Qwen3-TTS — Open-source speech synthesis with a single pip install

Open‑source TTS options have exploded and are hard to keep up with, but Qwen3‑TTS stands out for both ease of setup and Japanese quality. You don’t need ComfyUI or custom workflows—audio comes out with just a few lines of Python.

Repository: QwenLM/Qwen3-TTS
HuggingFace: Qwen/Qwen3-TTS-12Hz-1.7B-Base
Demo: Qwen/Qwen3-TTS
Paper: arXiv:2601.15621
License: Apache 2.0 (commercial use allowed)
Release date: January 22, 2026

Relationship to CosyVoice

There are two TTS project lines within Alibaba, so here’s a quick map.

Project	Team	Architecture
CosyVoice (1/2/3)	Tongyi Lab Speech Team	LLM + Flow Matching (DiT)
Qwen3-TTS	Qwen Team	Discrete multi‑codebook LM (no DiT)

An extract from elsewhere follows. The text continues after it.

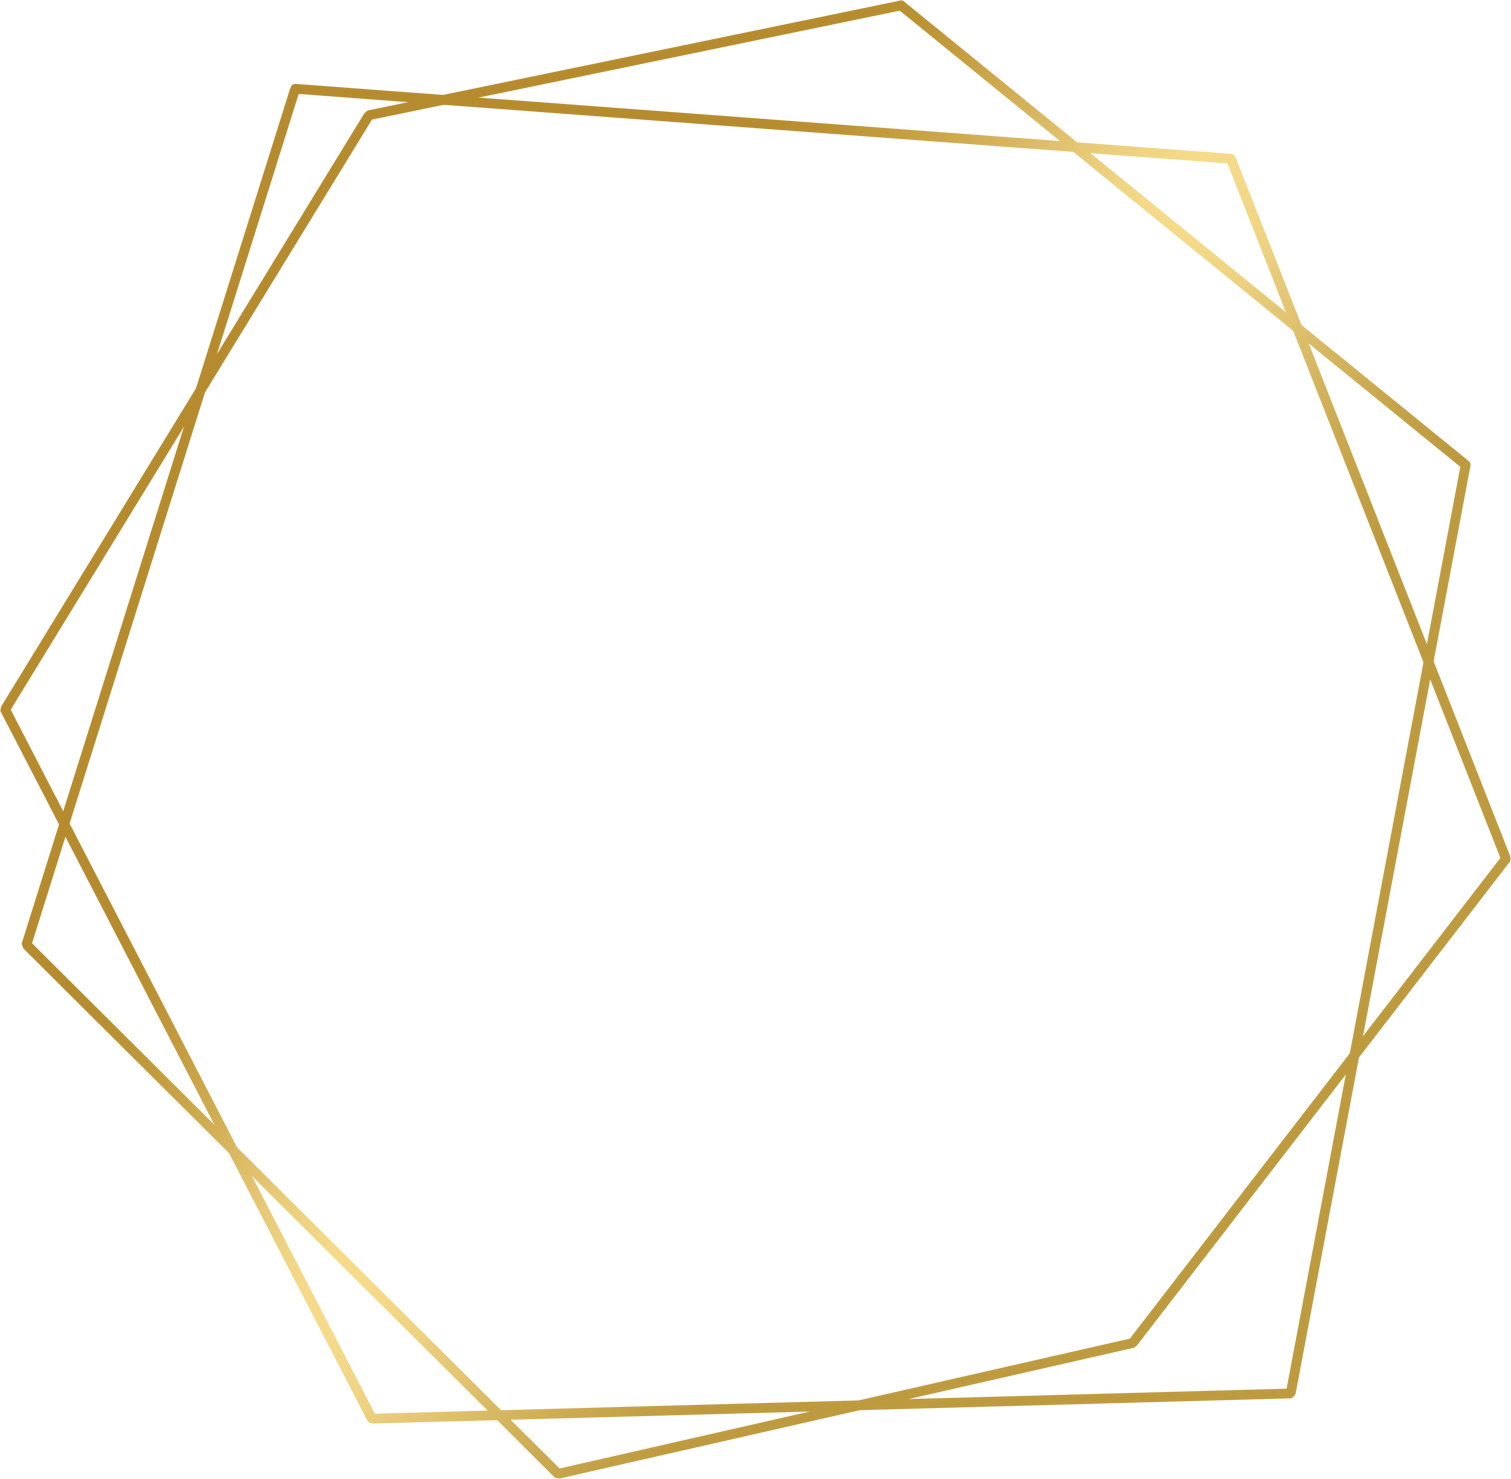 Gold Polygon Border Frame Wedding Hexagon Minimal Geometric

CosyVoice has been under active development since 2024 and combines an LLM with DiT‑based flow matching. Qwen3‑TTS is built by a different team and adopts a discrete multi‑codebook LM architecture without DiT. The benchmarks explicitly compare against CosyVoice 3.

Model Variants

Model	Parameters	Capabilities	Instruction control
1.7B-CustomVoice	1.7B	9 preset voices + style control	Yes
1.7B-VoiceDesign	1.7B	Natural‑language voice design	Yes
1.7B-Base	1.7B	3‑second voice cloning + fine‑tuning	No
0.6B-CustomVoice	0.6B	Lightweight preset voices	No
0.6B-Base	0.6B	Lightweight voice cloning	No

All models support streaming generation. They use a dedicated tokenizer, Qwen3‑TTS‑Tokenizer‑12Hz (16‑layer multi‑codebook, 12 Hz sampling).

Three Modes

CustomVoice — Choose from nine high‑quality preset voices and synthesize speech. Also supports instructions for emotion and speaking style.

Preset voices:

Chinese: Vivian, Serena, Uncle_Fu
Dialects: Dylan (Beijing), Eric (Sichuan)
English: Ryan, Aiden
Japanese: Ono_Anna
Korean: Sohee

VoiceDesign — Design a voice in natural language, e.g., “a calm, low male voice” or “a bright, young female speaking style.” A key strength is generating rights‑clear voices without using someone else’s voice.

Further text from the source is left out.